[Try it]: In the data below, repeat the line containing "Mount Sinai Neurosurgery" and every following line exactly, up to and including the last line. Exclude pictures.

[Source data]:
##############################

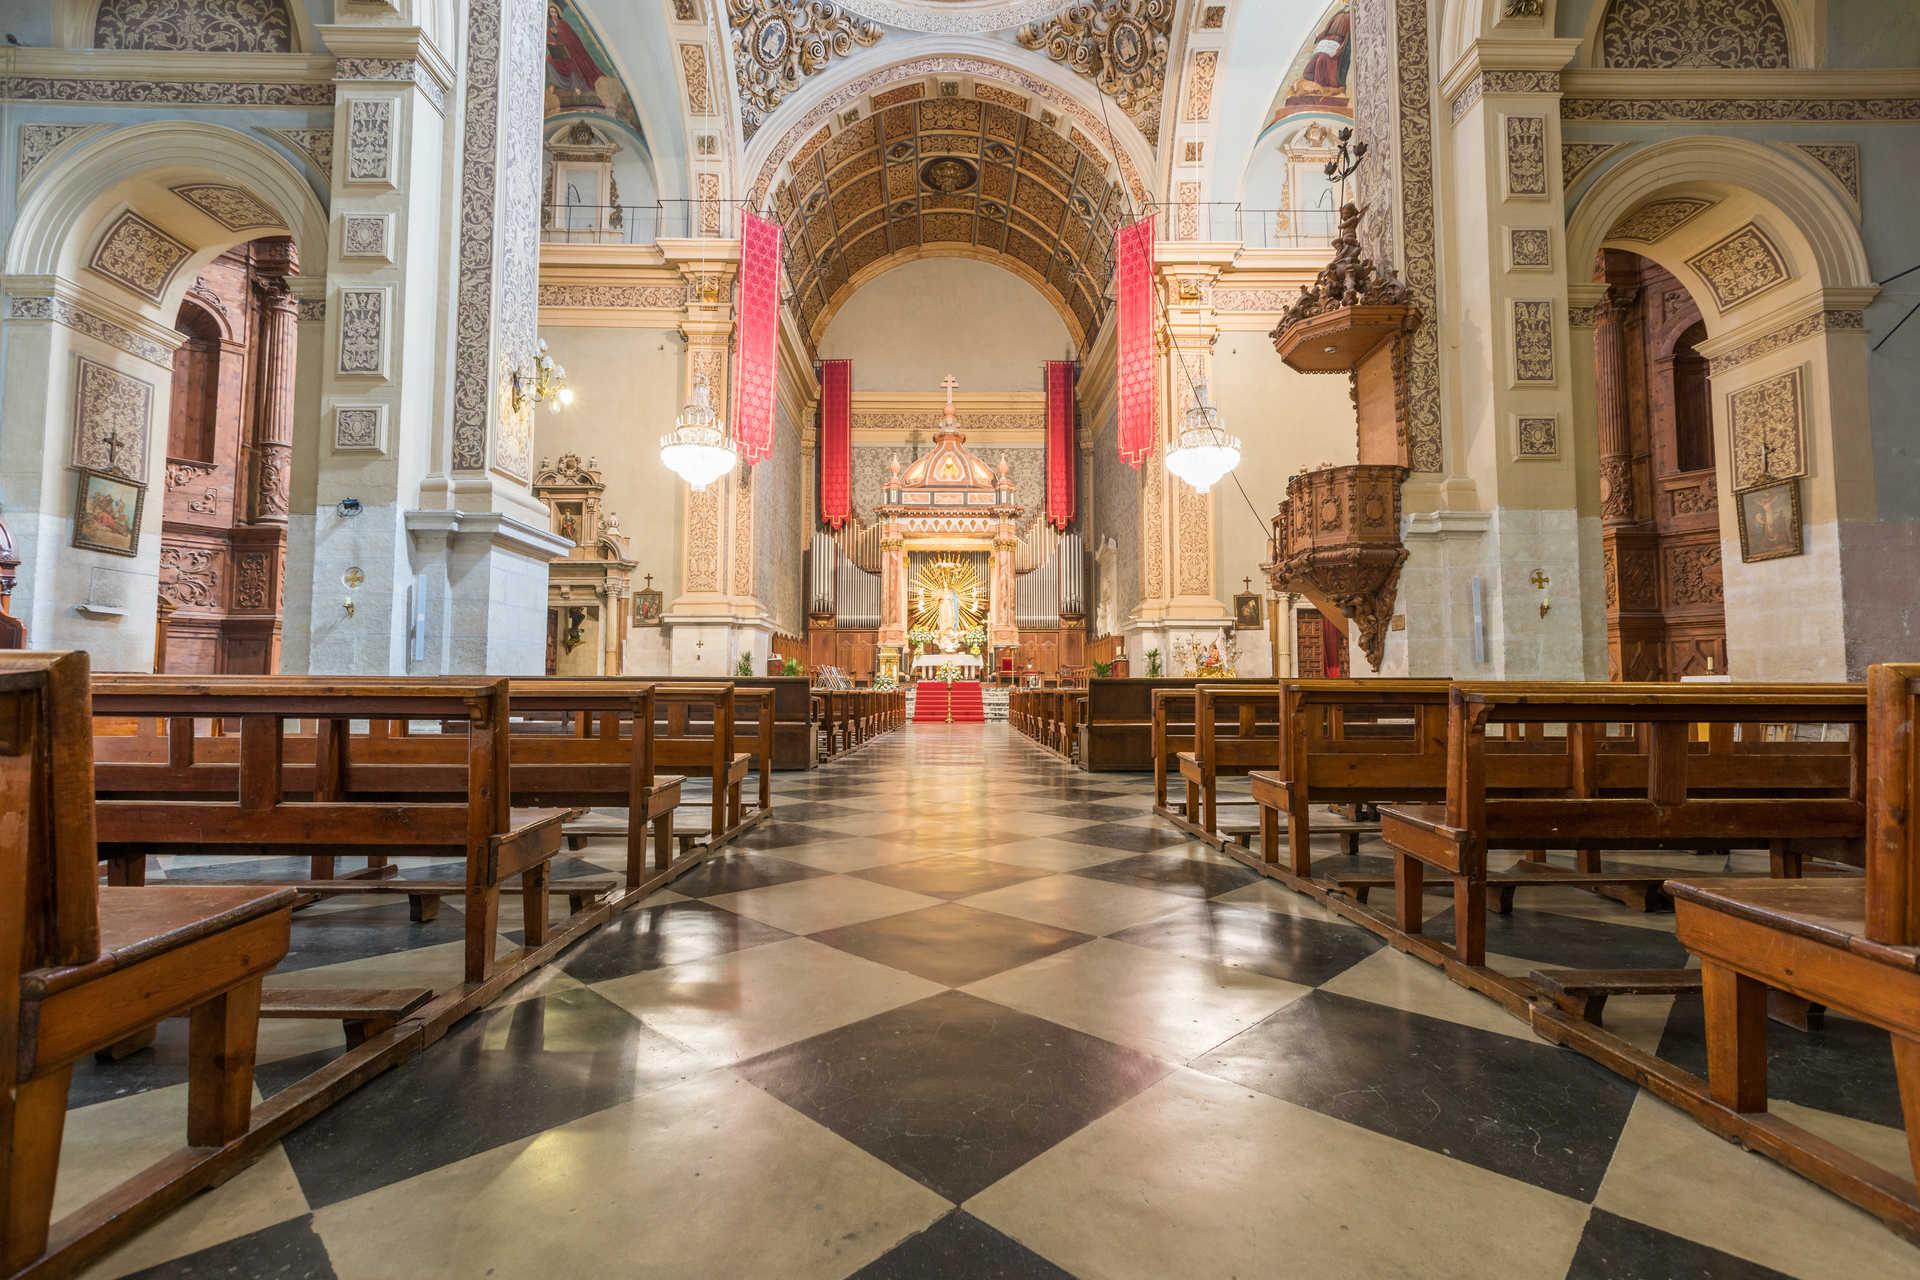 Nuestra Señora de la Asunción kirche
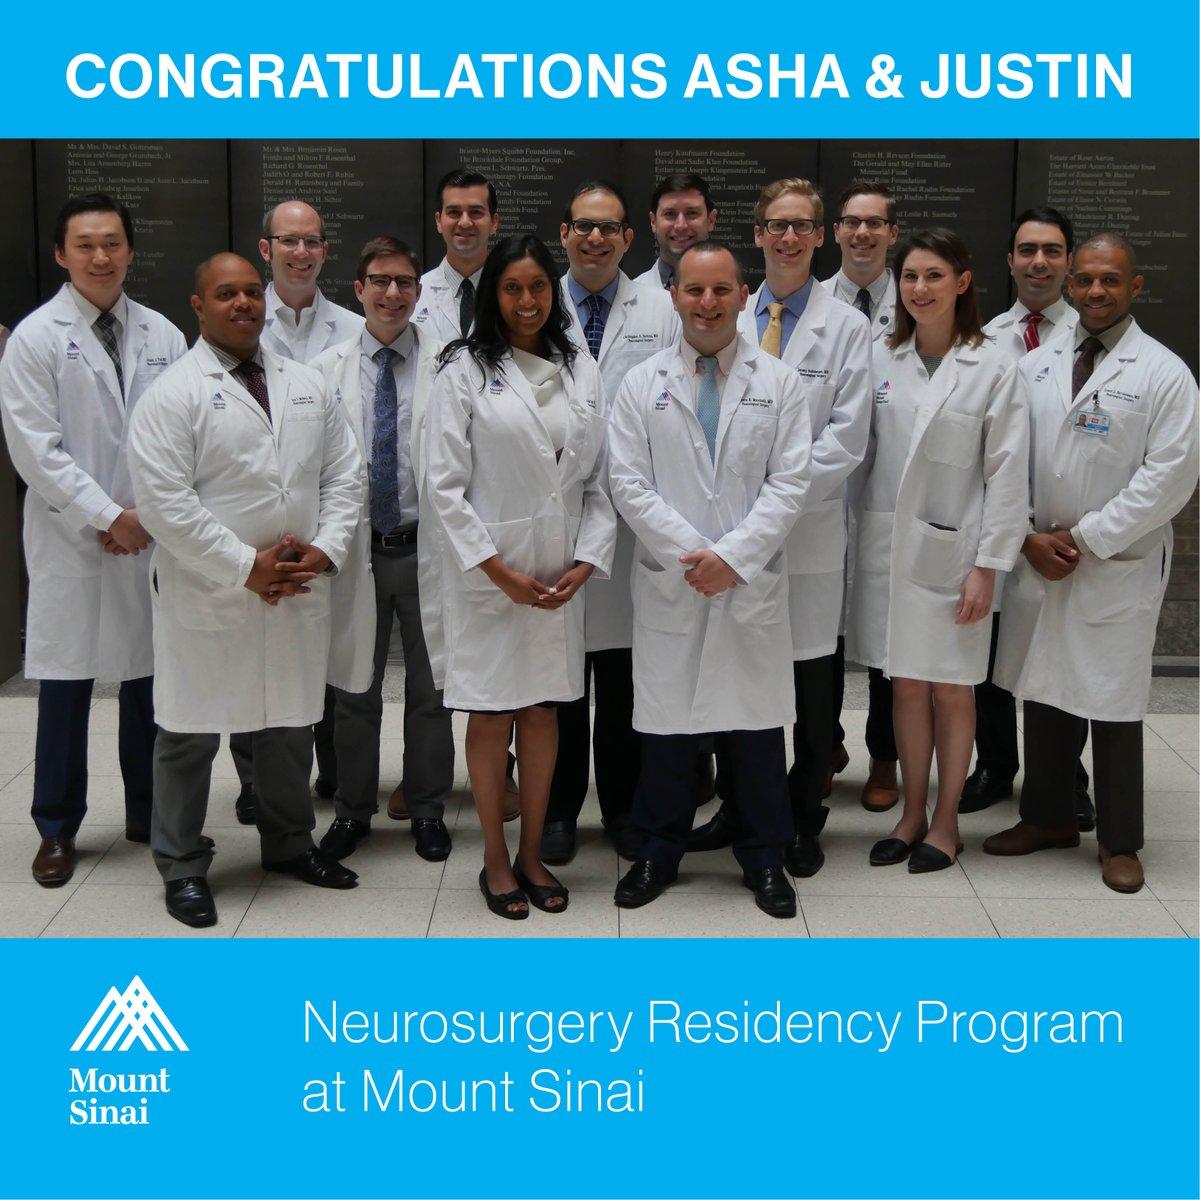 Mount Sinai Neurosurgery on Twitter:
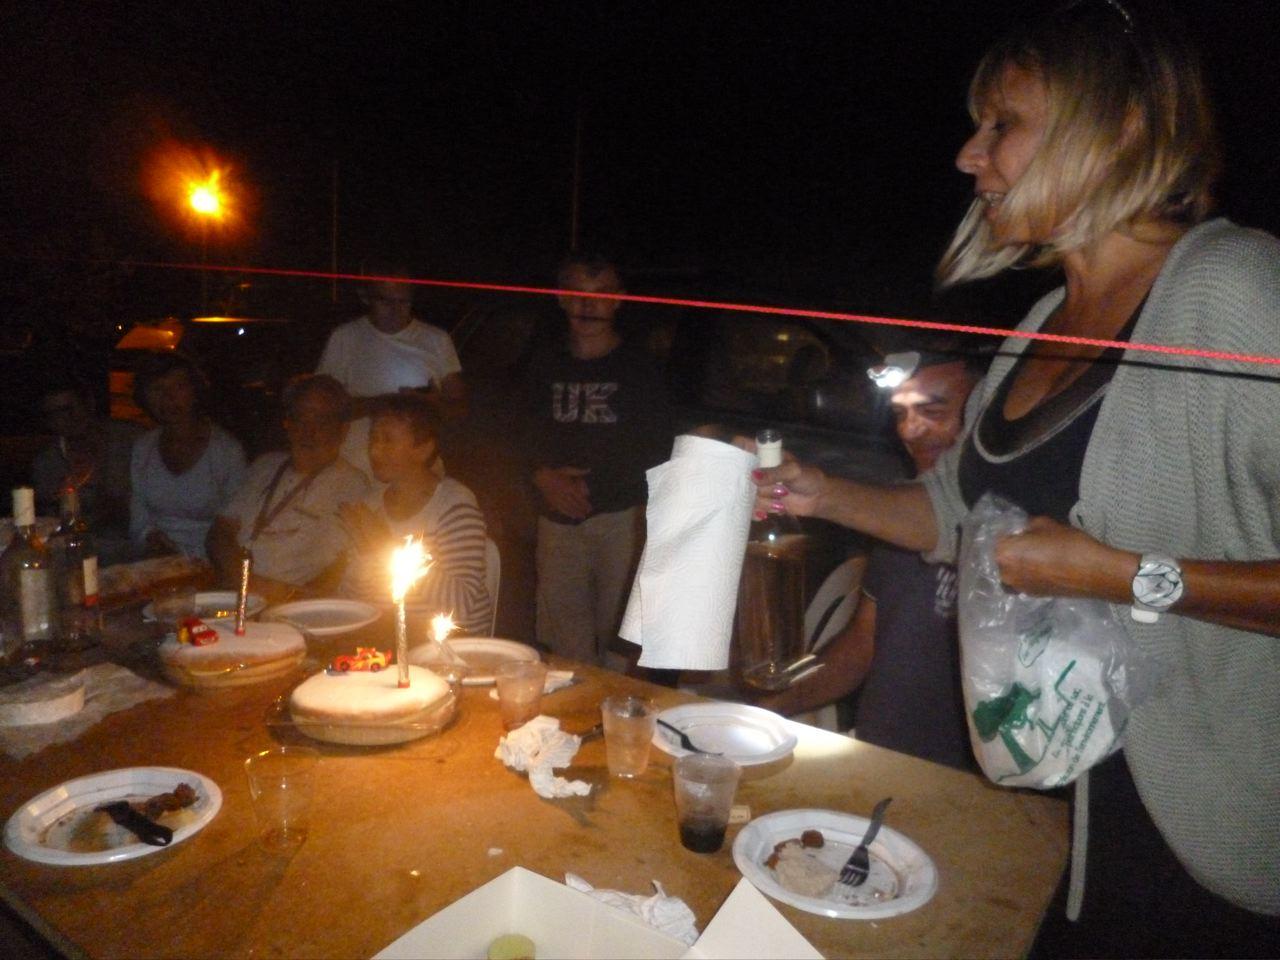 Grand Festu Vers l'infini et Aude là, Saison 2 : 20 et 21 septembre 2014 - Page 3 411338P1010970

##############################

[Expected output]:
 Mount Sinai Neurosurgery on Twitter:
 Grand Festu Vers l'infini et Aude là, Saison 2 : 20 et 21 septembre 2014 - Page 3 411338P1010970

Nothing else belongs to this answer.